- [What is expected]: With pictures left out, copy exactly every line from the one containing "Raccolta differenziata a" through the end of the material.

- [Available data]:
--- START ---
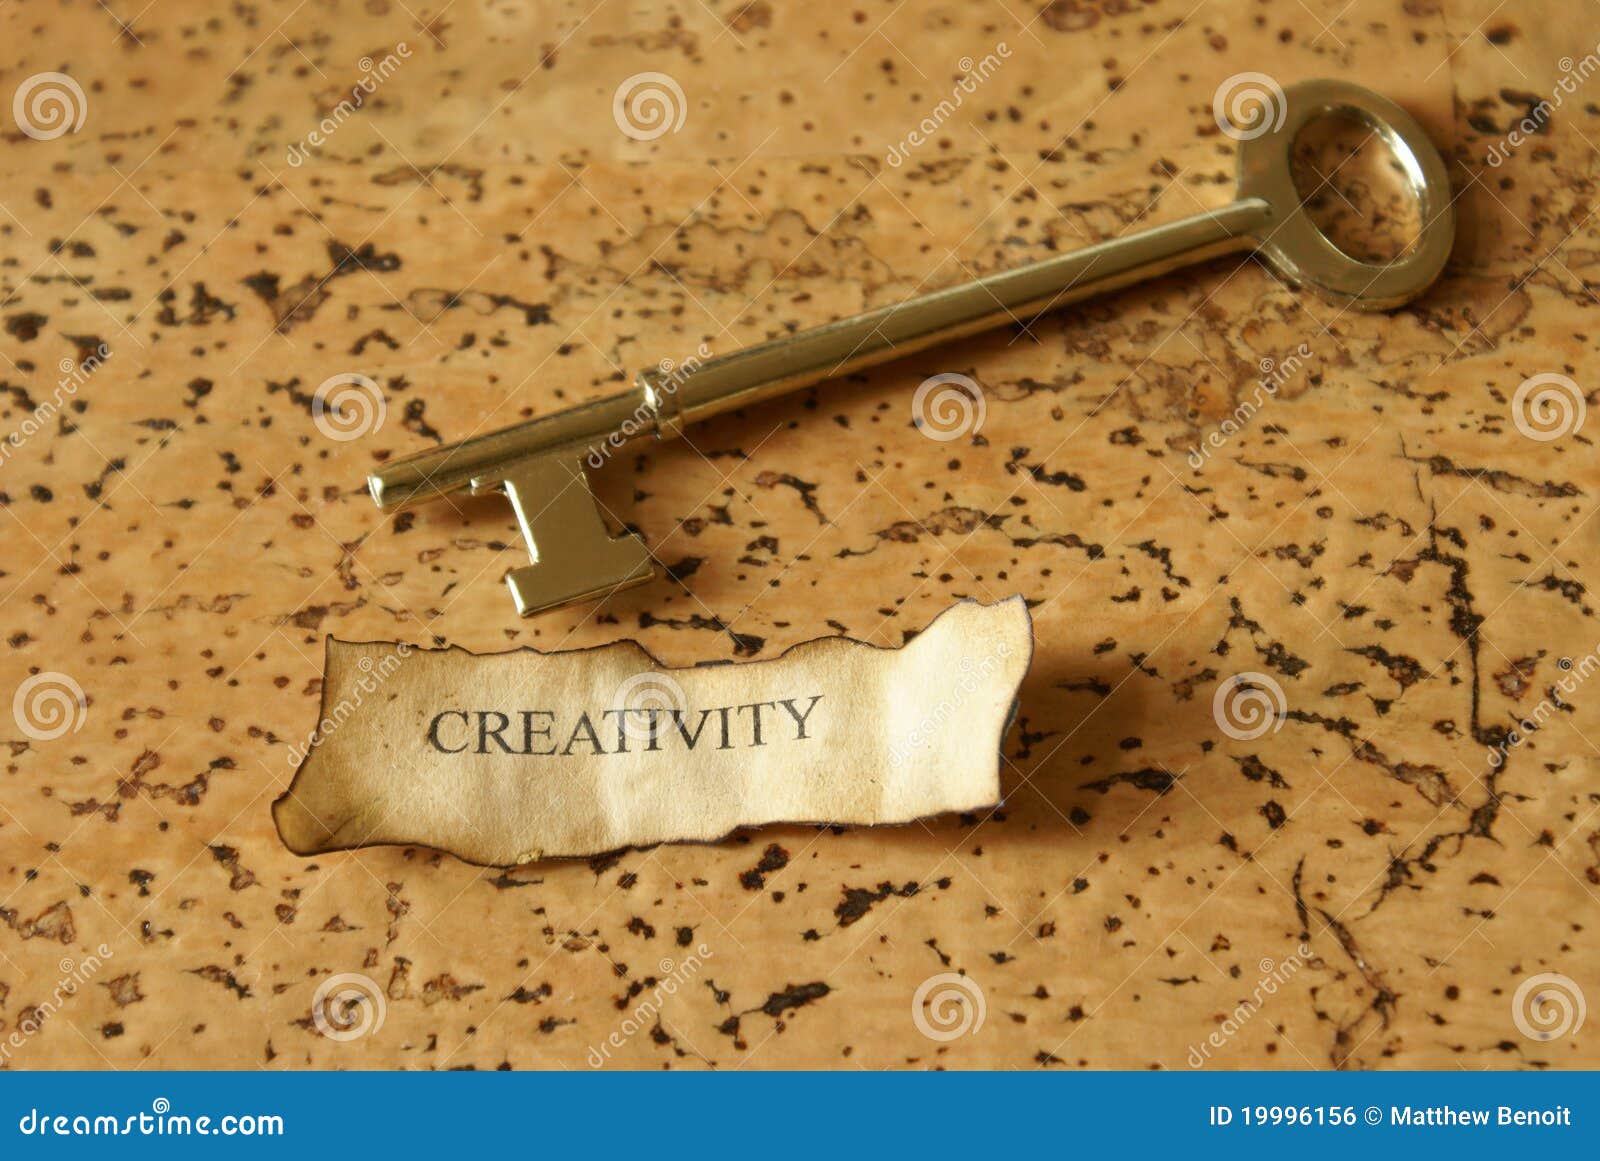 key of creativity
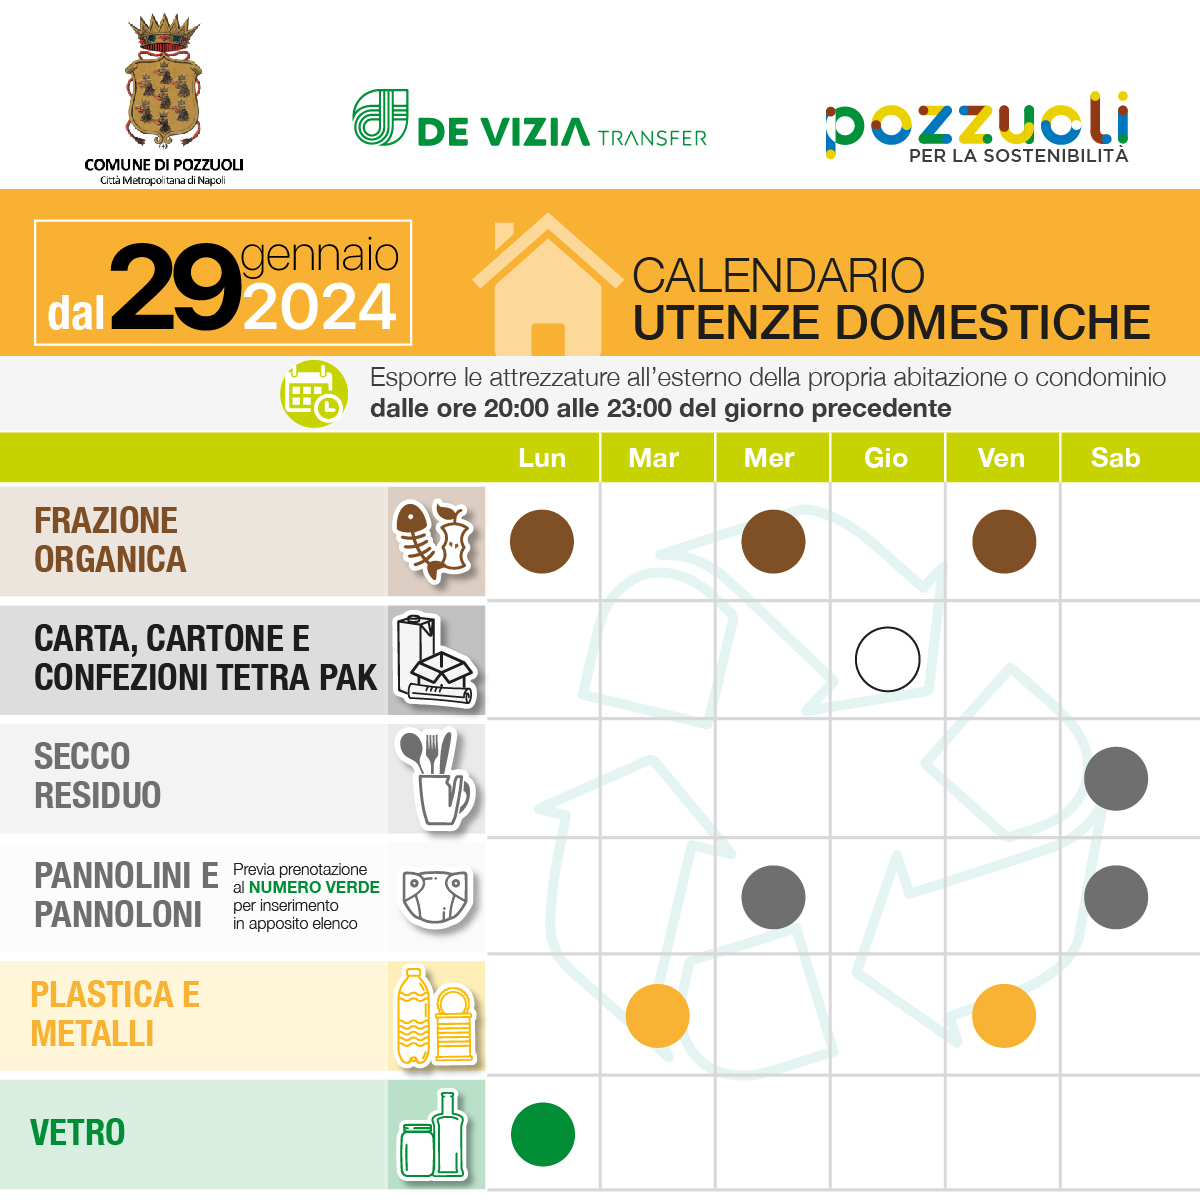 Raccolta differenziata a Pozzuoli: dal 29 gennaio scatta il nuovo calendario
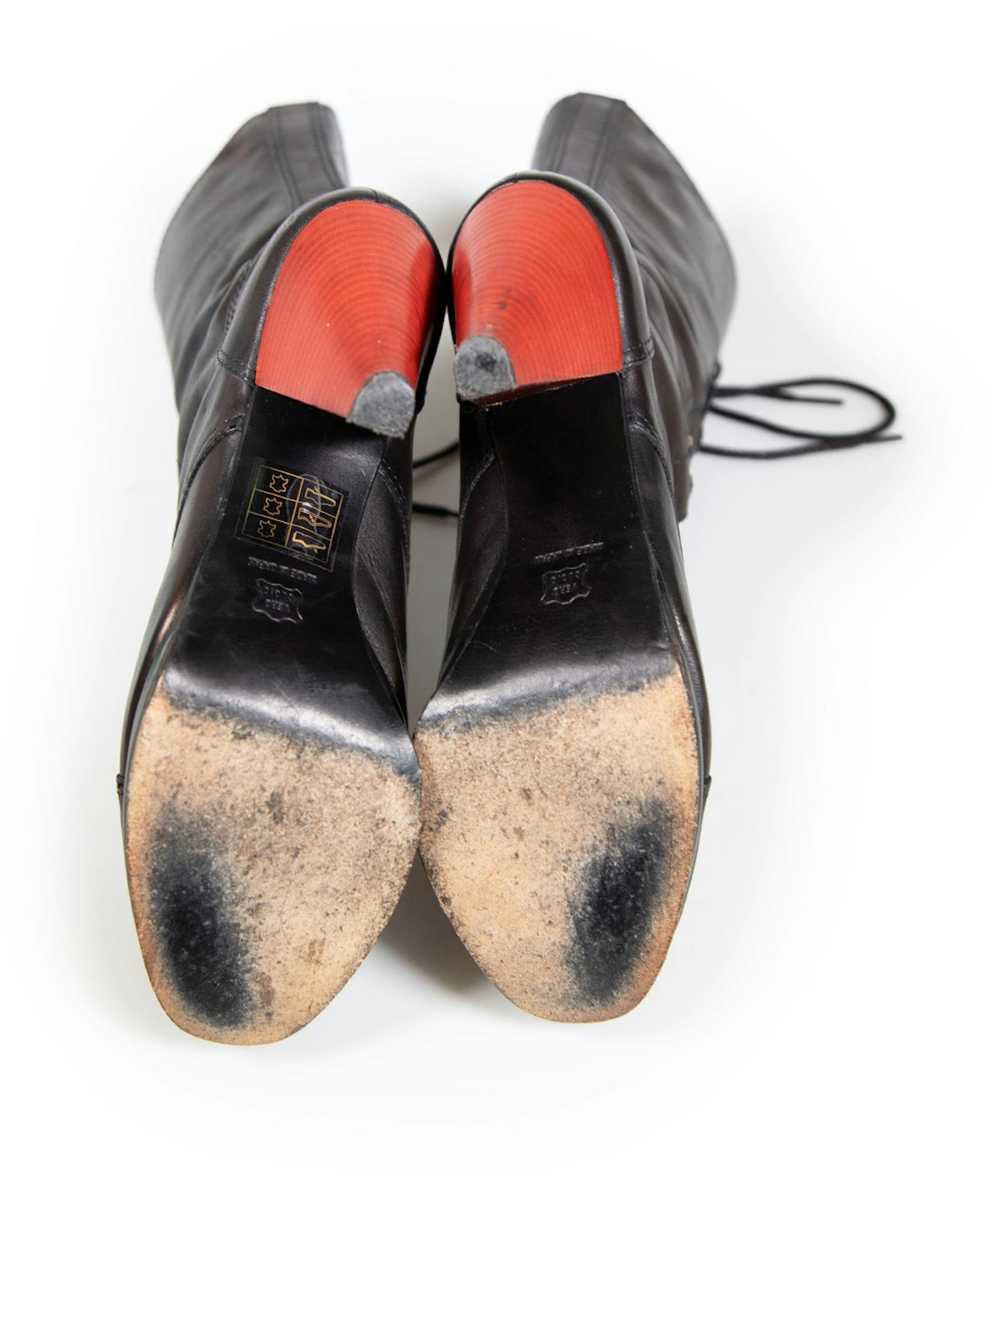 Yohji Yamamoto Black Leather Laced Platform Boots - image 4
--- END ---
- [Problem solution]:
 Raccolta differenziata a Pozzuoli: dal 29 gennaio scatta il nuovo calendario
 Yohji Yamamoto Black Leather Laced Platform Boots - image 4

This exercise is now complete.